Sa remise à l'eau est obligatoire depuis 1998. 

«Si on pouvait en garder un seul dans la journée ou même avoir une limite de grosseur, précise M. Aubin. On se vante toujours au Saguenay qu'on est le pays des géants. On a des monstres qui vivent dans le Saguenay, des poissons qui sont même plus gros que nous.

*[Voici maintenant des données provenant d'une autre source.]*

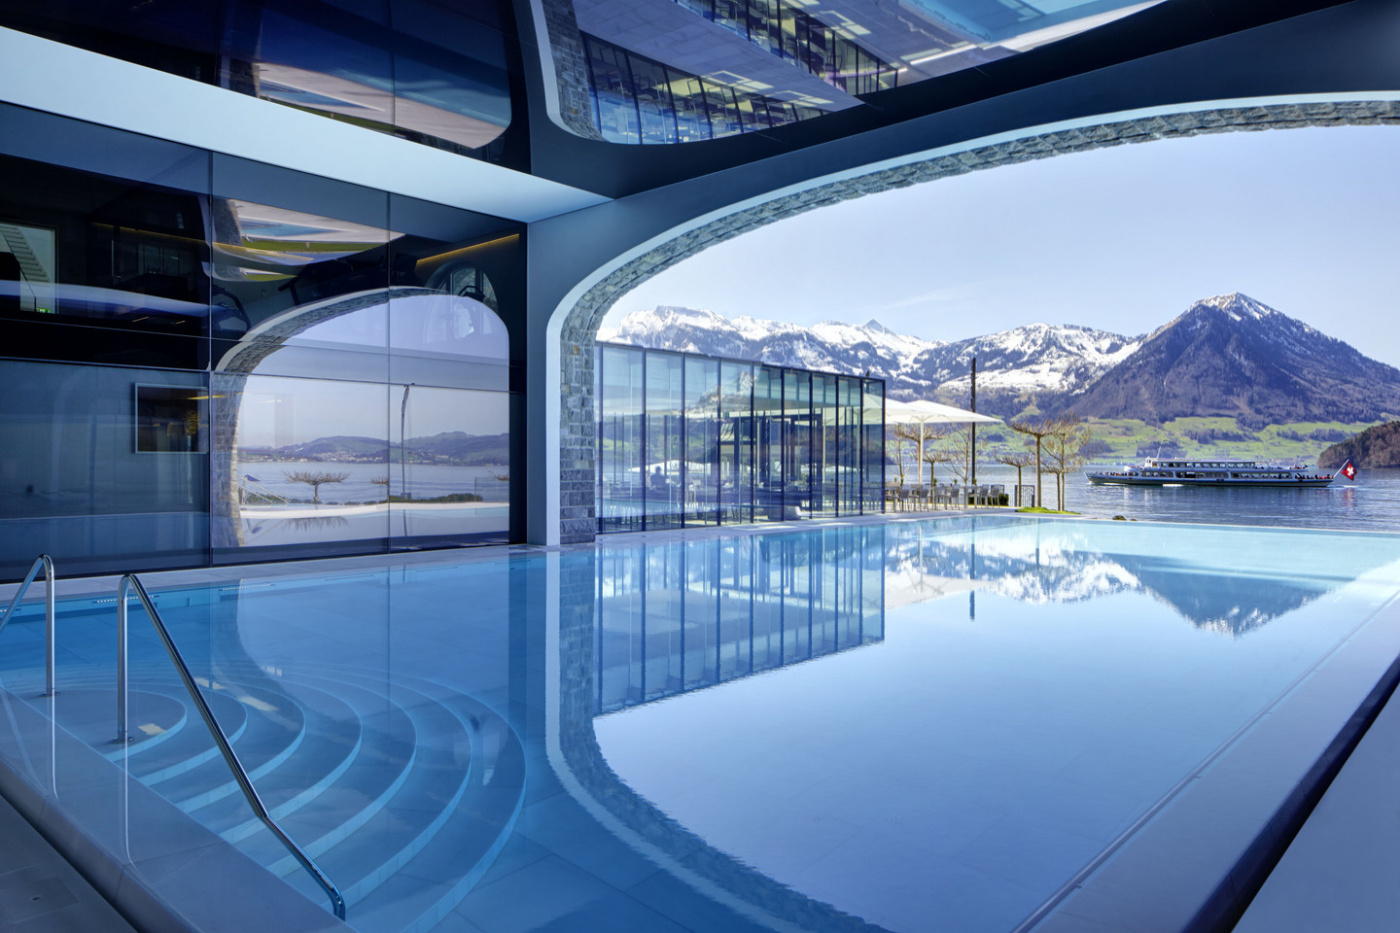 Pool and Spa of luxury wedding venue on Lake Lucerne

Un flétan, ça peut atteindre 300 kilos.» 

L'organisme Promotion Pêche peut déjà compter sur des appuis de taille, dont celui de la Fédération québécoise des chasseurs et pêcheurs, qui compte près de 160 000 membres. 

Quant au député conservateur Richard Martel, il s'engage à défendre le dossier à Ottawa. 

«On a rencontré l'ancien ministre des Pêches de l'époque et on va continuer les discussions avec la nouvelle ministre», a-t-il indiqué. 

Le problème, c'est qu'en permettant la pêche récréative du flétan de l'Atlantique au Saguenay, on doit aussi l'autoriser dans d'autres régions, comme la Gaspésie. Or, là-bas, les pêcheurs commerciaux craignent que cela ait un impact sur leurs ressources. 

«Si tu acceptes pour un, il faut que tu acceptes pour l'autre et les contextes sont très différents, même si nous sommes dans la même zone de pêche», précise Richard Martel. 

Rémi Aubin n'écarte pas la possibilité de lancer une pétition pour solliciter d'autres appuis et accentuer la pression sur Ottawa.